* [EXERCISE OBJECTIVE]:
Setting aside any pictures, reproduce the data exactly.
======== STORED DATA ========
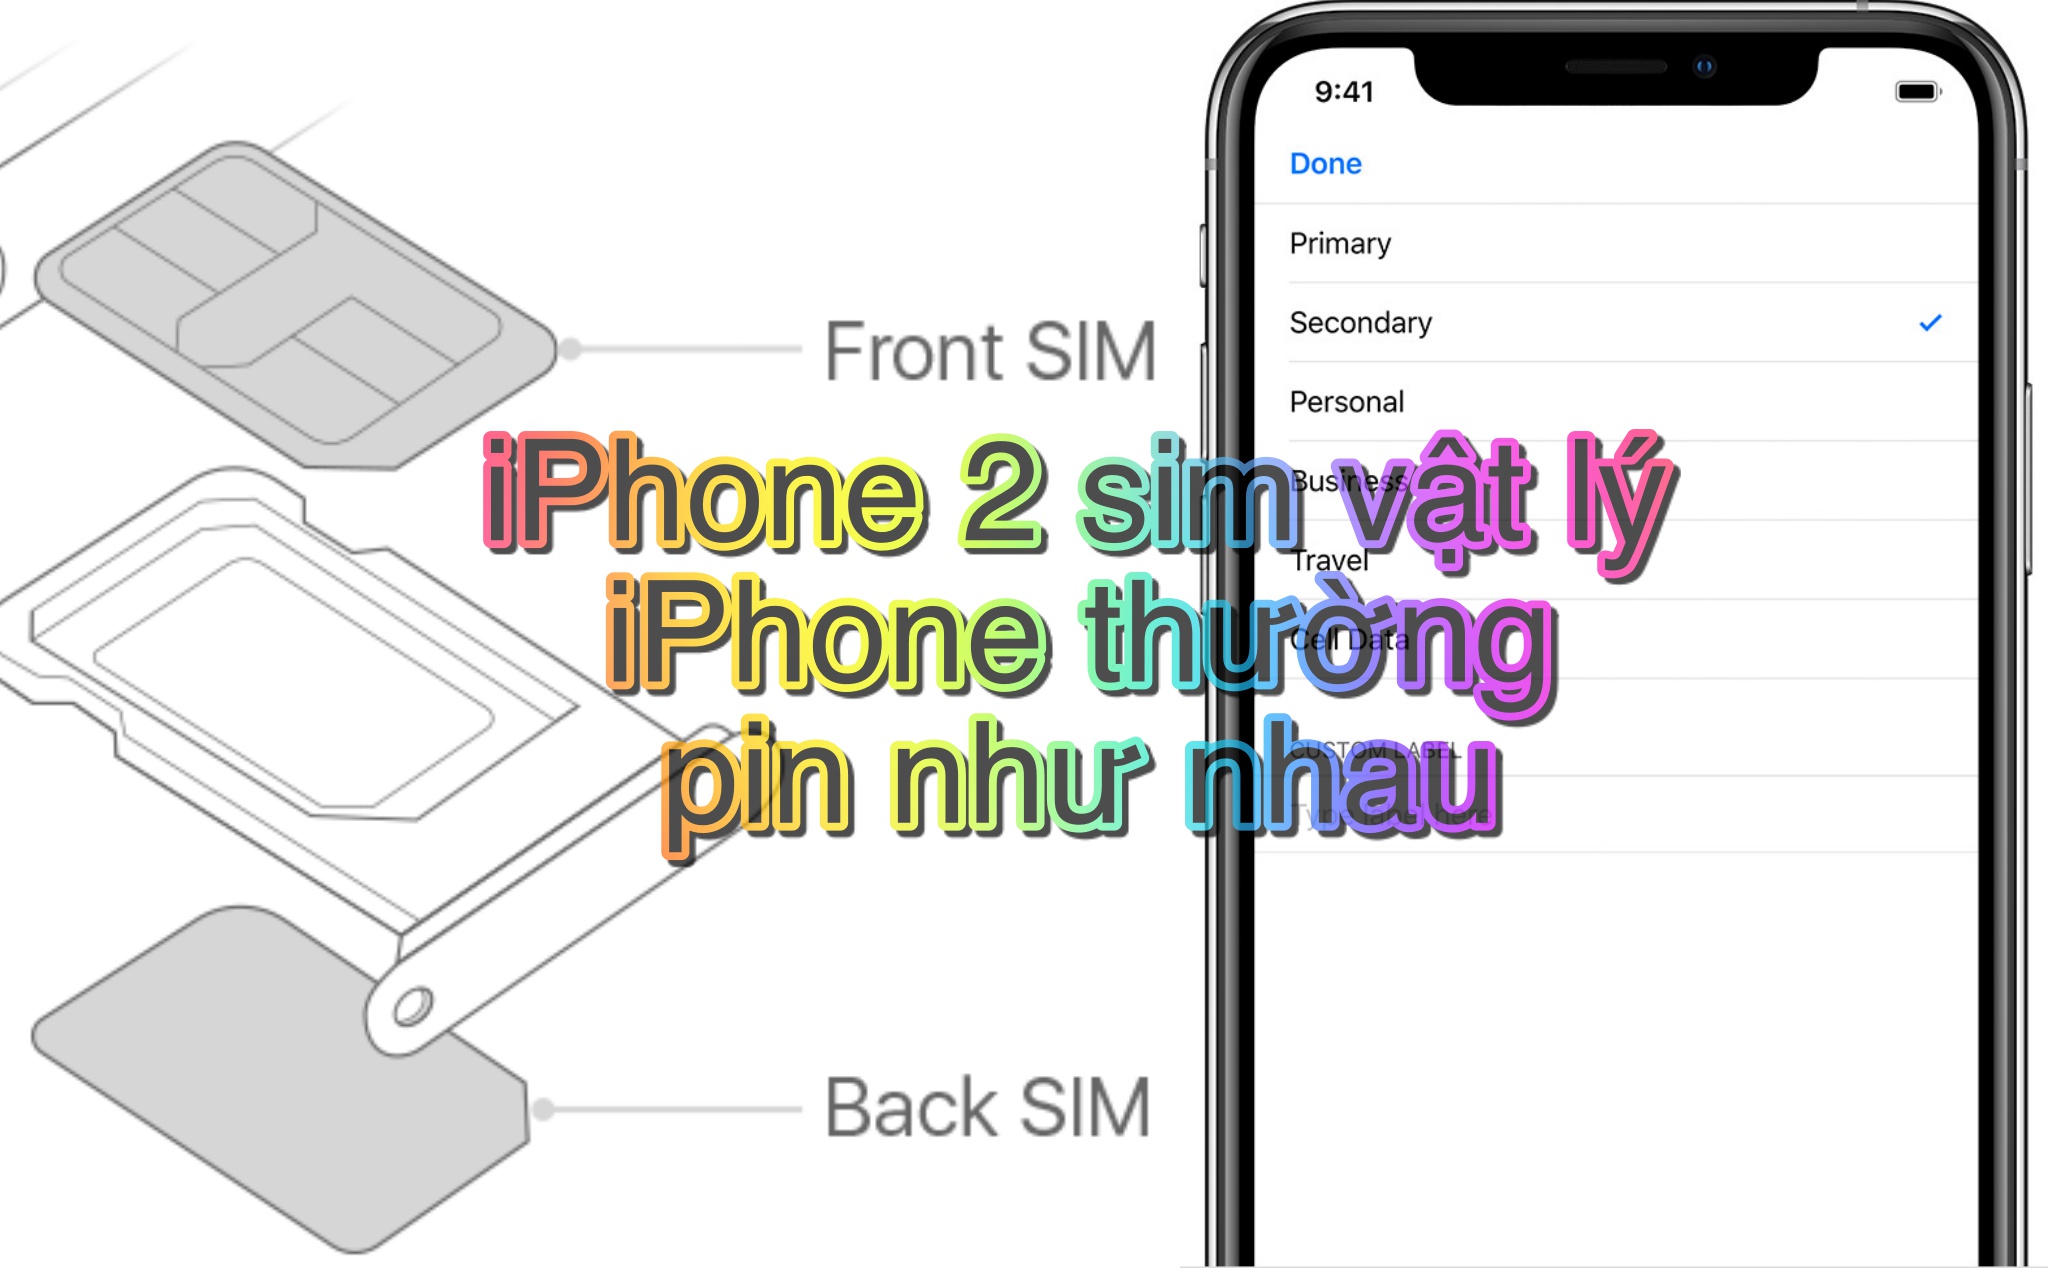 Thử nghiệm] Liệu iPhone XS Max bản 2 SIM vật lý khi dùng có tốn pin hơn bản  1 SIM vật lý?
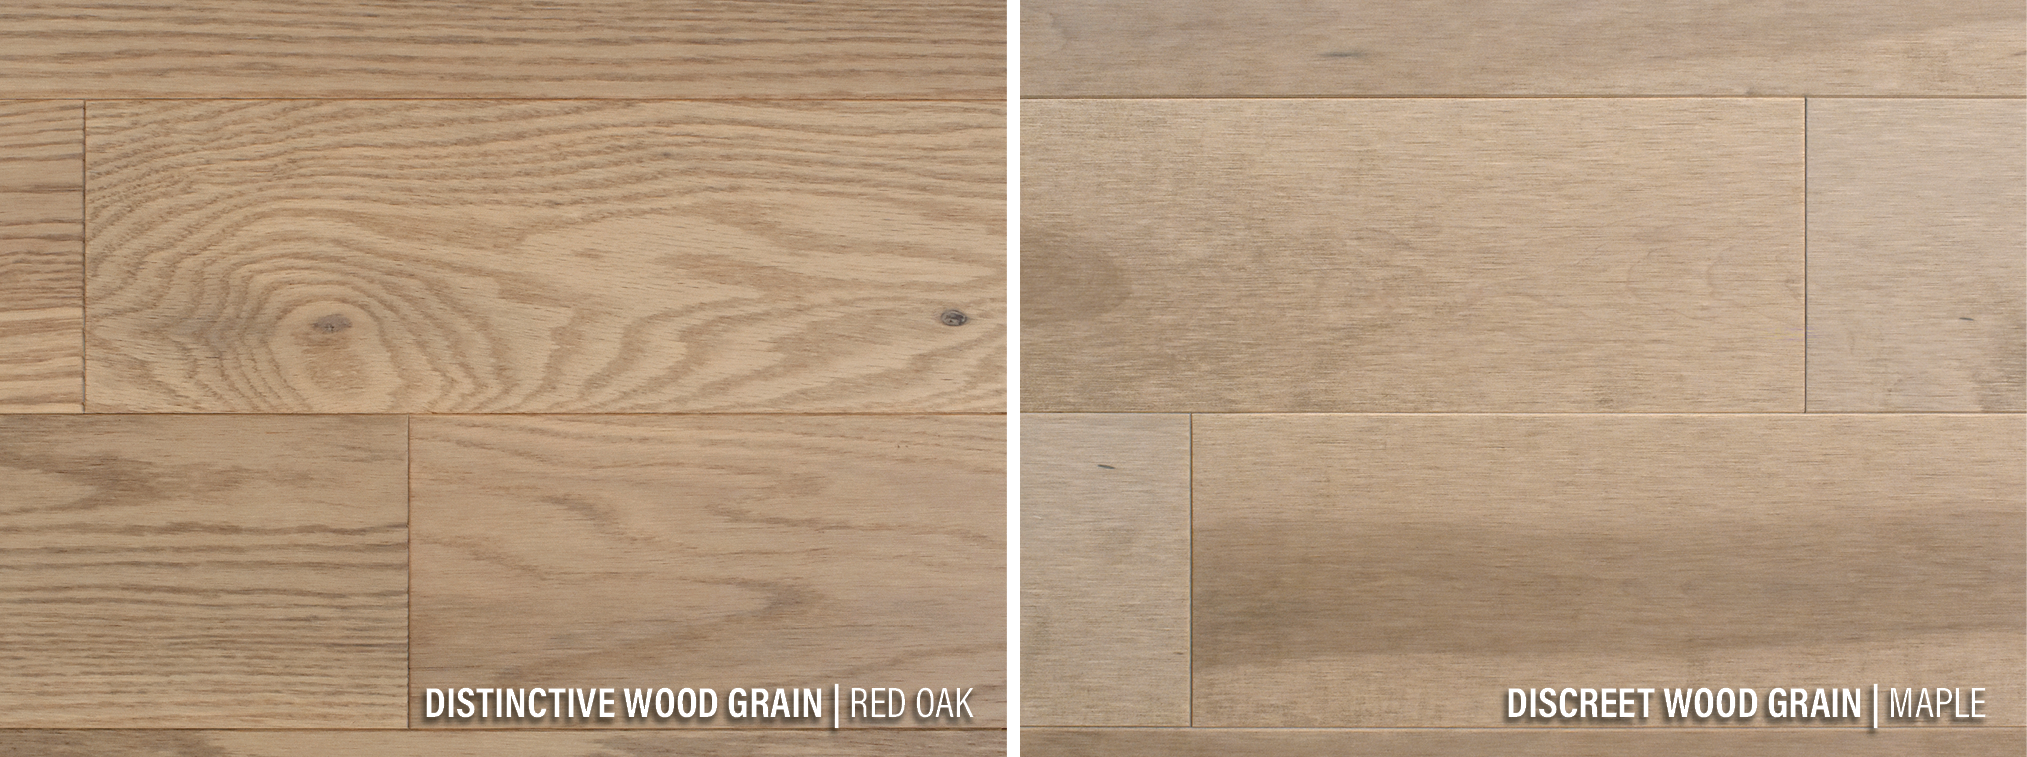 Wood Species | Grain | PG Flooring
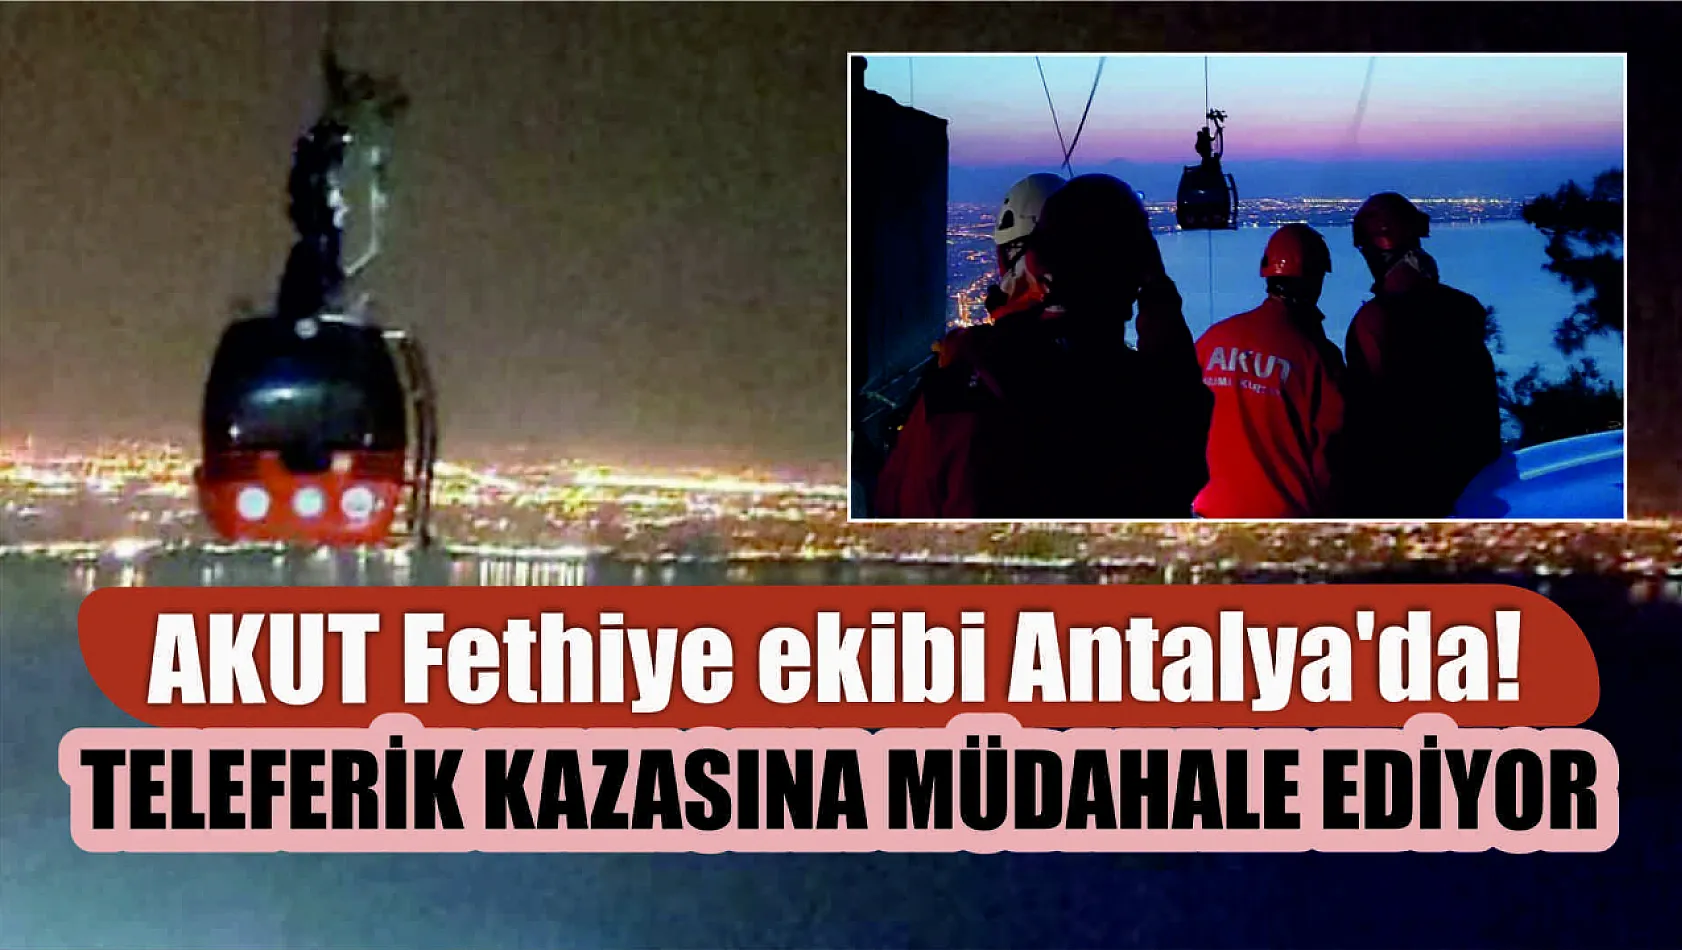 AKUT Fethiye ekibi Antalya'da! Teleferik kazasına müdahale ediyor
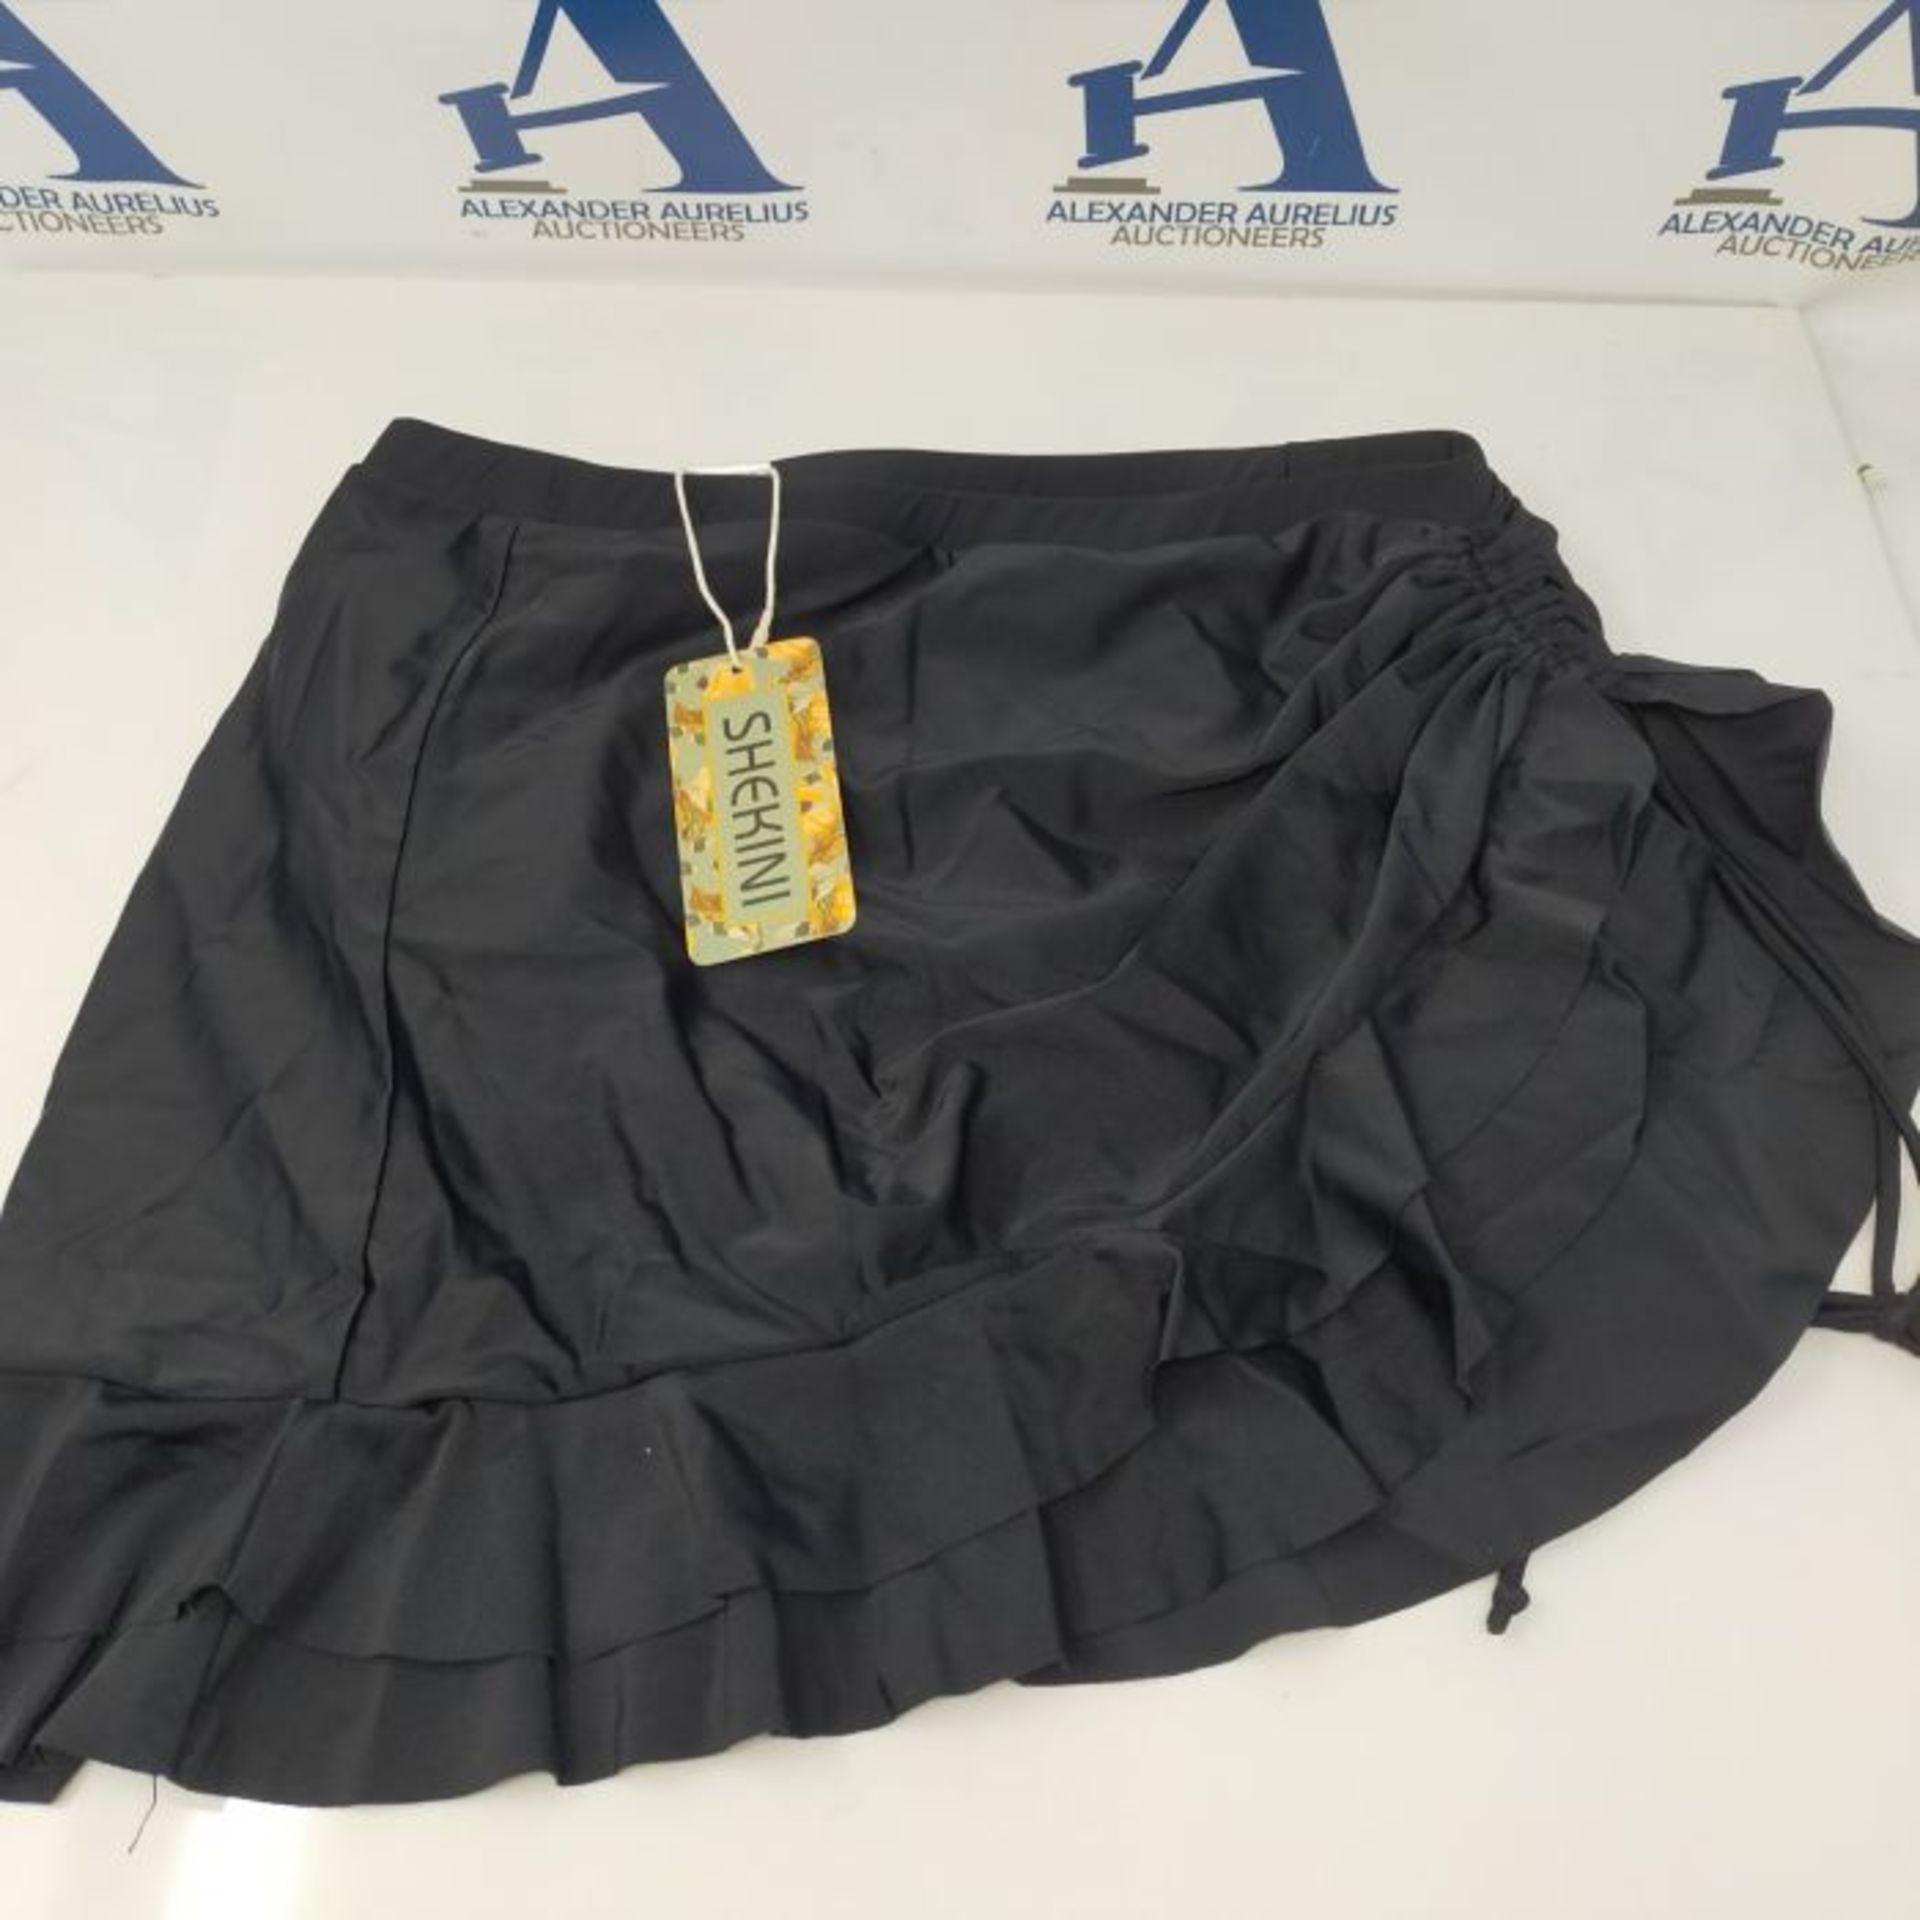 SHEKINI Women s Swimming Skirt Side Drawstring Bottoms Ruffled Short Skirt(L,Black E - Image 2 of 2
========
* [PROBLEM SOLUTION]:
 Thử nghiệm] Liệu iPhone XS Max bản 2 SIM vật lý khi dùng có tốn pin hơn bản  1 SIM vật lý?
 Wood Species | Grain | PG Flooring
 AKUT Fethiye ekibi Antalya'da! Teleferik kazasına müdahale ediyor
 SHEKINI Women s Swimming Skirt Side Drawstring Bottoms Ruffled Short Skirt(L,Black E - Image 2 of 2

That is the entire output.